### Information supplied

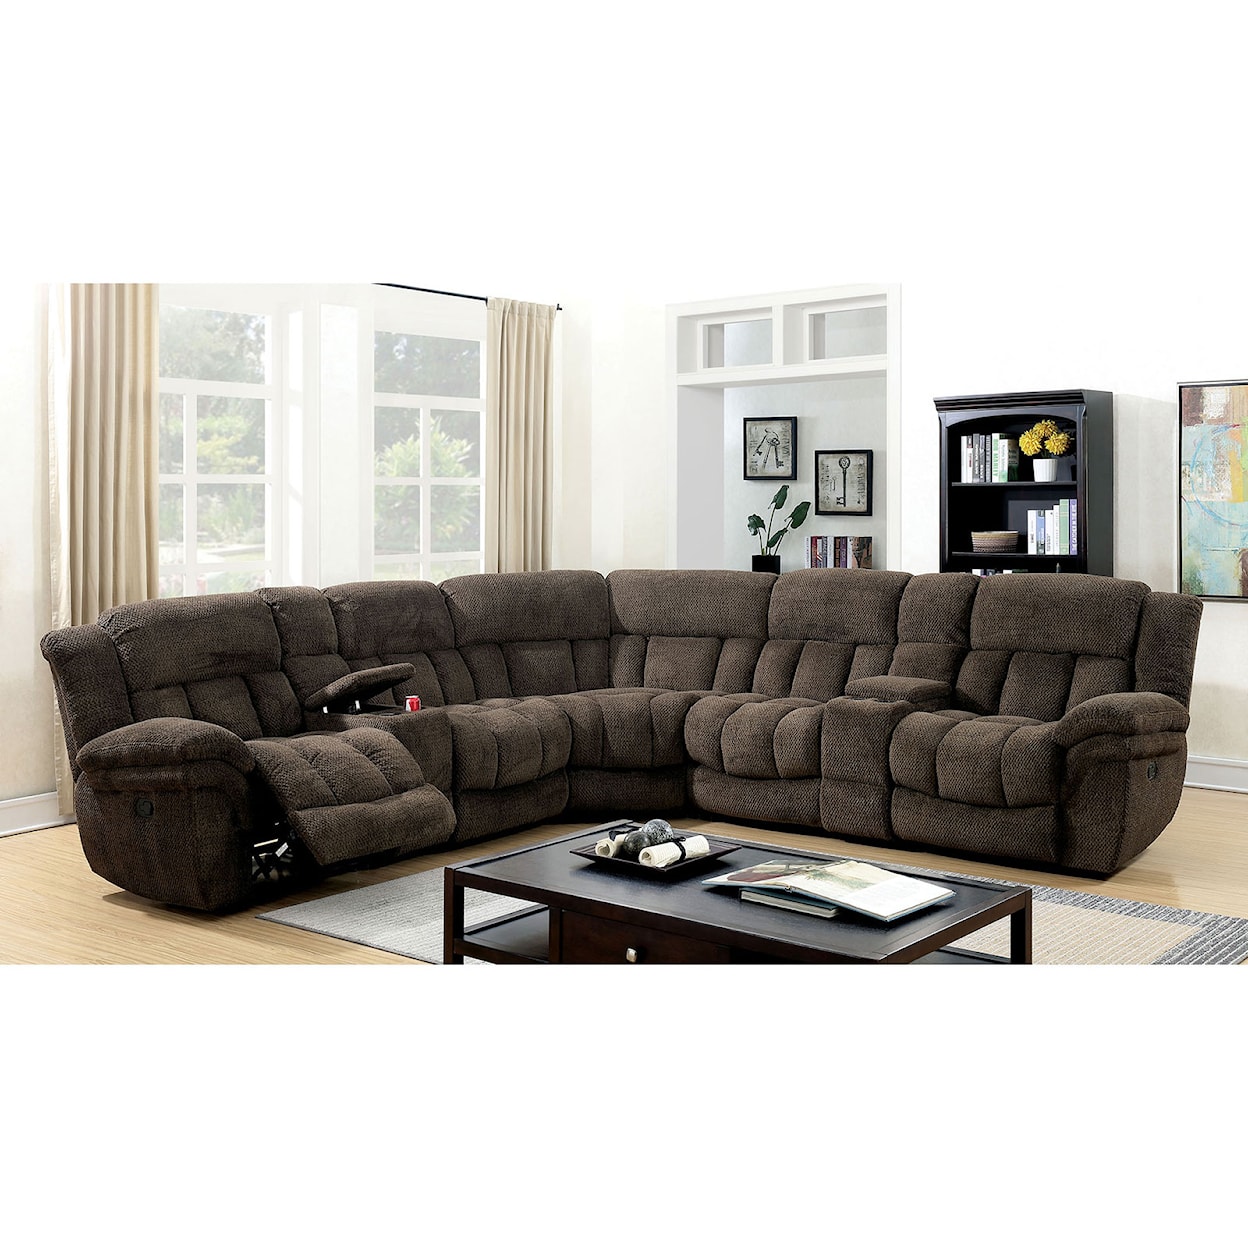 Furniture of America Irene Sectional Sofa
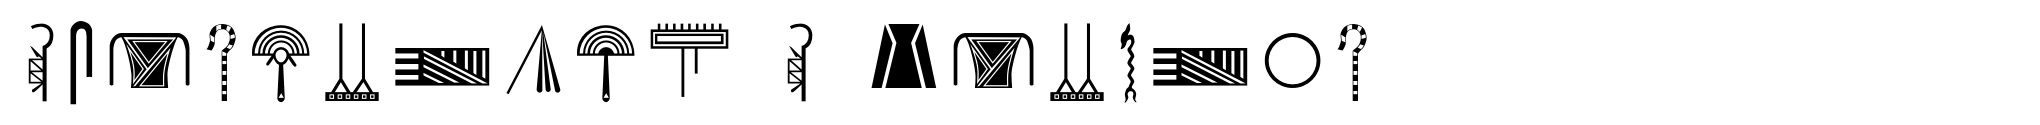 Hieroglyph H Regular image
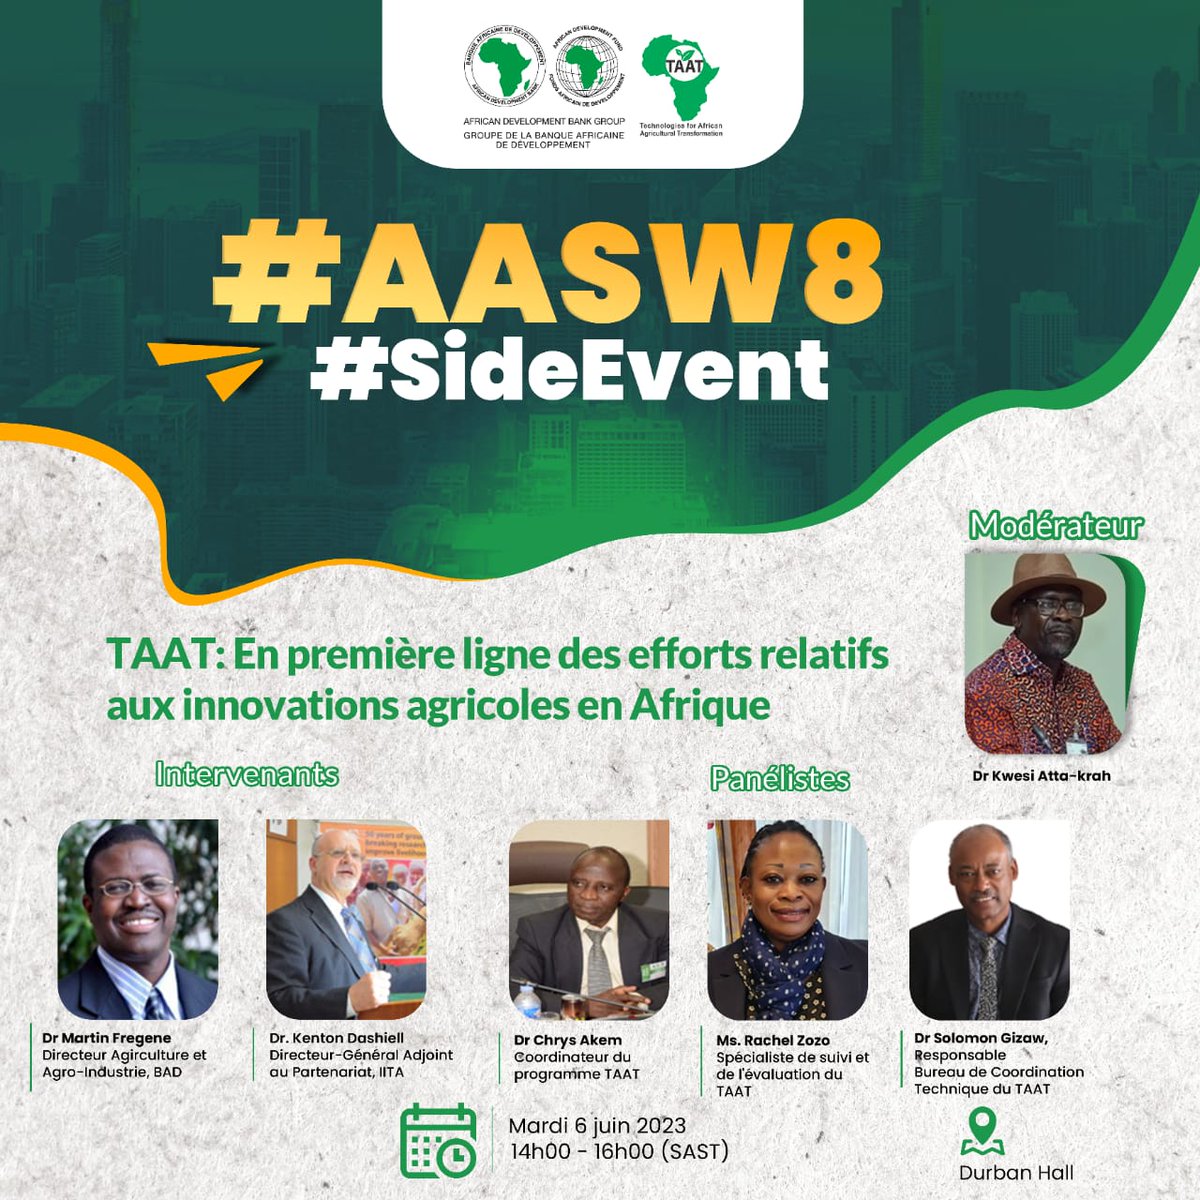 @Taat_Africa 
#AASW8 #SideEvent 'TAAT: en première ligne des efforts rélatifs aux innovations agricoles en Afrique' @AfDB_Group @FARAinfo  @IITA_CGIAR @mfregene77

### Aim of the exercise
With the pictures removed, write the listing out word for word.

### Solution below
 Furniture of America Irene Sectional Sofa
 Hieroglyph H Regular image
 @Taat_Africa 
#AASW8 #SideEvent 'TAAT: en première ligne des efforts rélatifs aux innovations agricoles en Afrique' @AfDB_Group @FARAinfo  @IITA_CGIAR @mfregene77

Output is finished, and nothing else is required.